FIRE-EATER’S FANTASY
The irony is rich—avid abolitionist John Brown saved the life of Fire-eater Edmund Ruffin, and gave purpose to the Southerner’s life. Ruffin, a wealthy Virginia planter and slaveowner, was known for his scientific study of soil culture, undertaken to help improve and sustain the plantation economy of the South. He became a leading Fire-eater, as Southerners eager to see a separate nation built upon plantations and slavery were known, and by 1859, after decades of espousing Southern nationalism, he despaired of ever seeing his dream come true. In an October 18, 1859, diary entry, he contemplated suicide. The next day, John Brown saved Ruffin’s life. Newspapers for October 19 reported the abolitionist’s failed attempt to capture the federal armory at Harpers Ferry, orchestrated entirely by Northern men.
The news rekindled Ruffin’s hope for a Southern confederacy, and he raced to Charles Town, Va., the site of Brown’s trial, to watch it emerge.
Brown was sentenced to be hanged, and on December 2, 1,500 militamen formed two squares facing his scaffold. Ruffin evaded a strict ban on civilian spectators by becoming, for a day, the oldest cadet of the Virginia Military Institute. The condemned man scaled the steps and Brown requested, “do not detain me any longer than is absolutely necessary.” According to Ruffin, Brown displayed “complete fearlessness of & insensibility to danger and death.”

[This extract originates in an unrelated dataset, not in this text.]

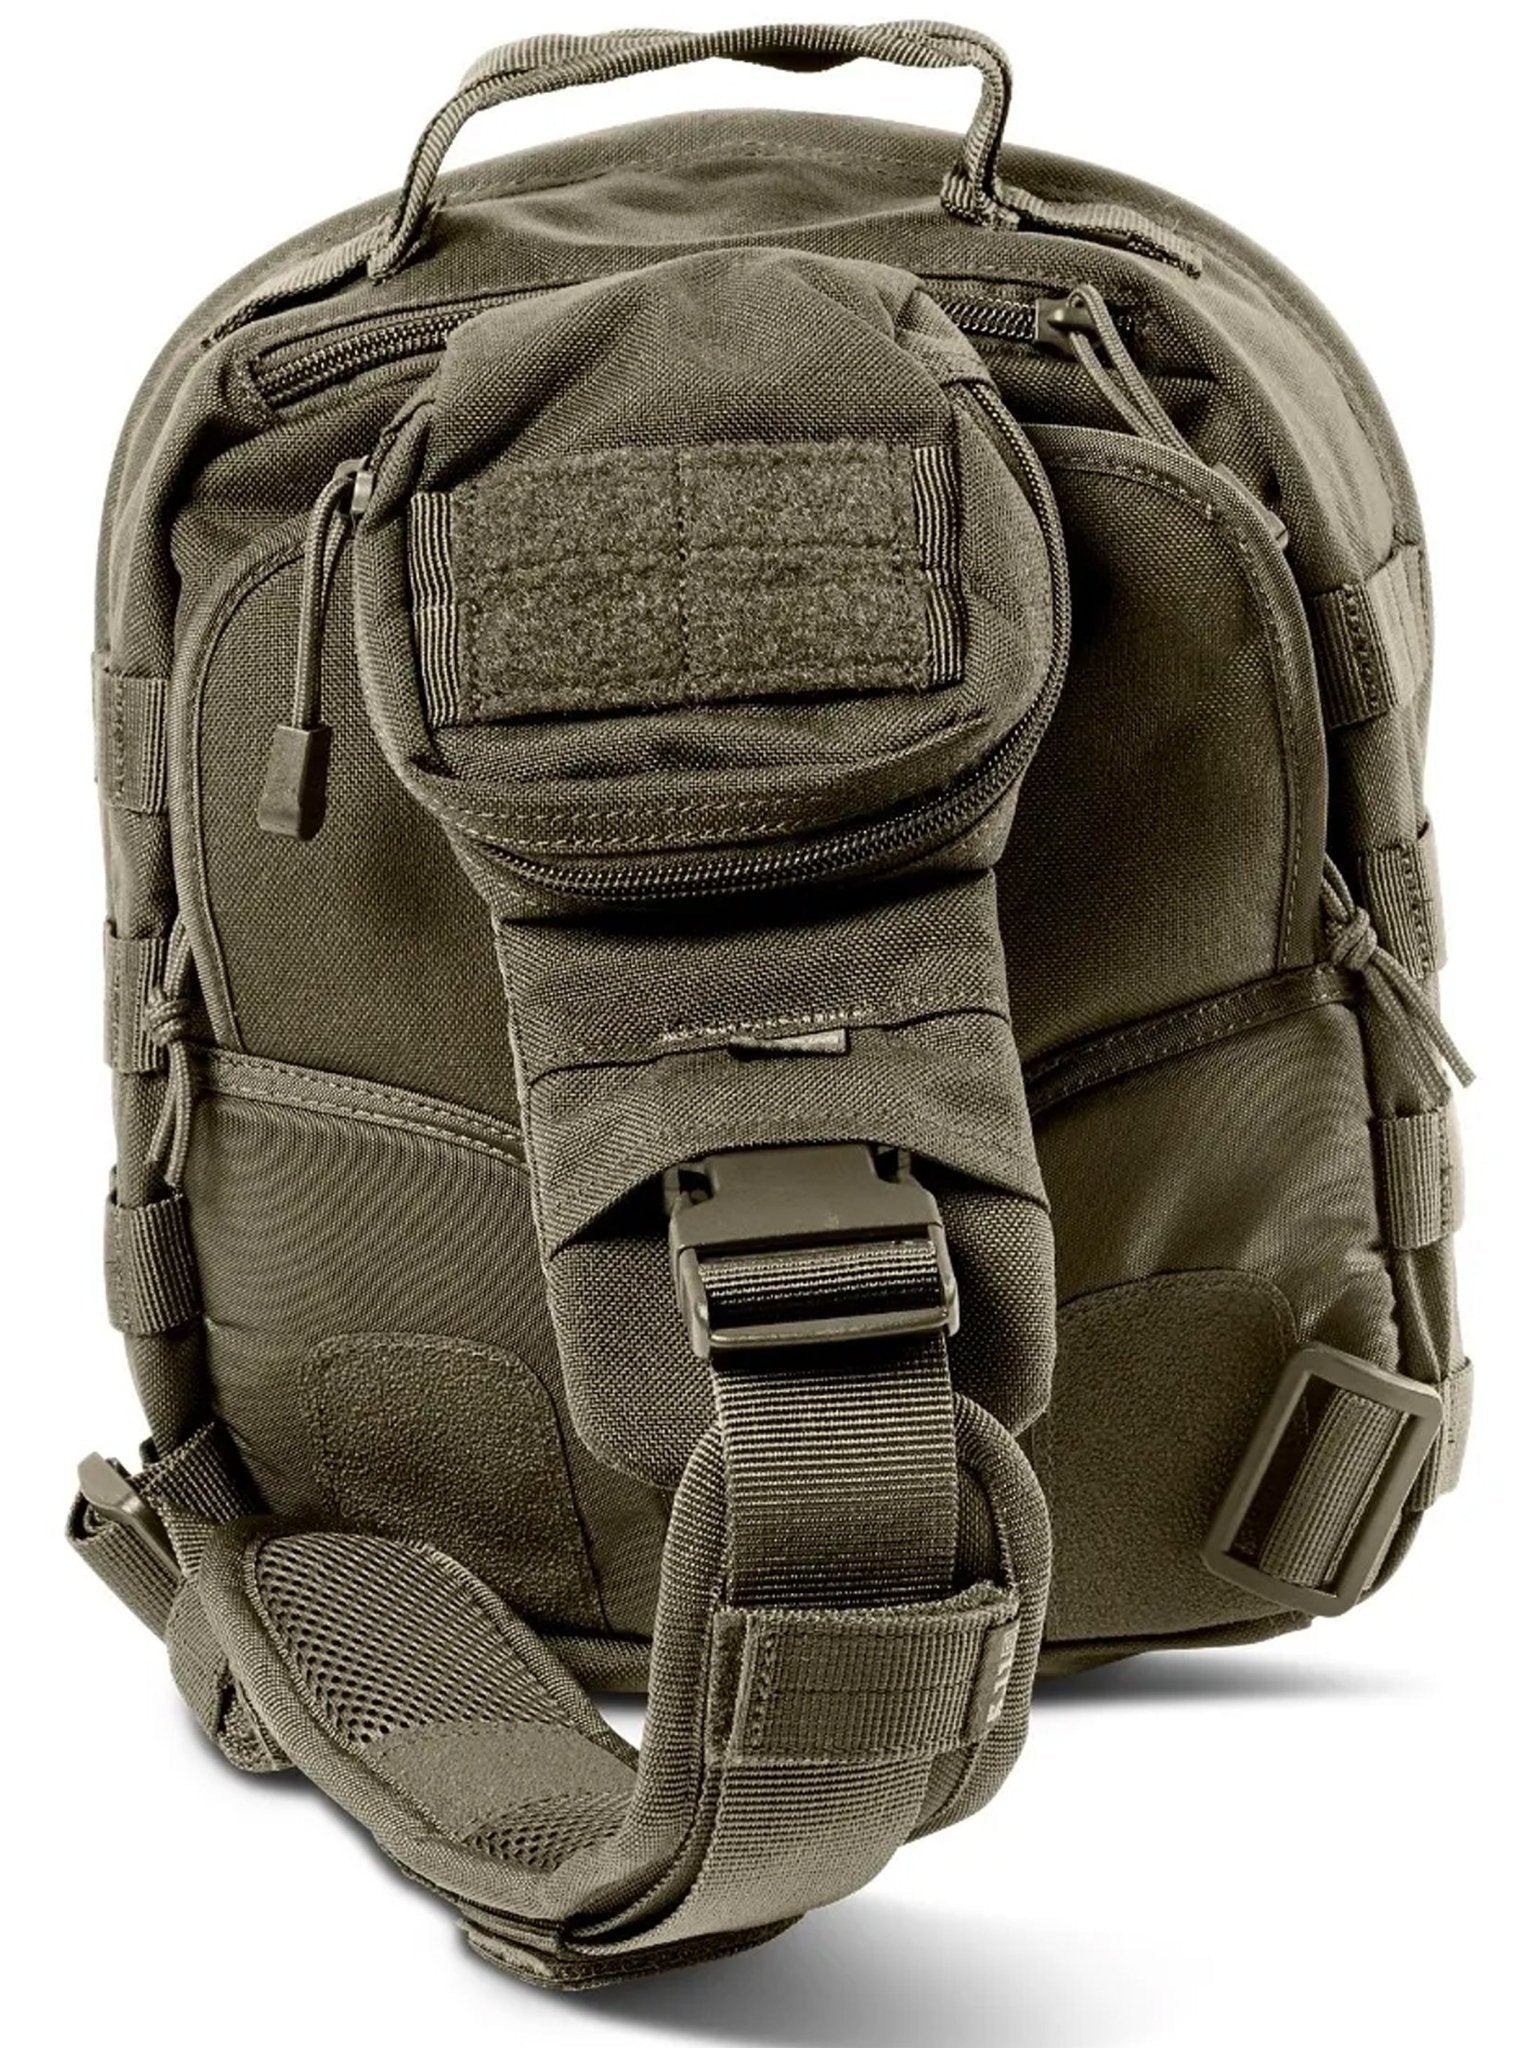 4elementsclothing5.11 Tactical5.11 Tactical - 5.11 Tactical MOAB™ 6 SLING PACK 11L - Style 56963Bag56963-026

RUFFIN PENNED OVER 300 PAGES IN TWO MONTHS. HIS HISTORY OF THE FUTURE FORETOLD SECESSION, CIVIL WAR, AND SOUTHERN INDEPENDENCE
Weeks after John Brown’s death, Ruffin picked up a copy of Wild Southern Scenes by John Beauchamp Jones, who would later serve as a clerk for Confederate President Jefferson Davis. The book caught Ruffin’s eye because Jones’ novel anticipated secession and civil war at a time when Brown’s raid raised Ruffin’s hopes for Southern independence.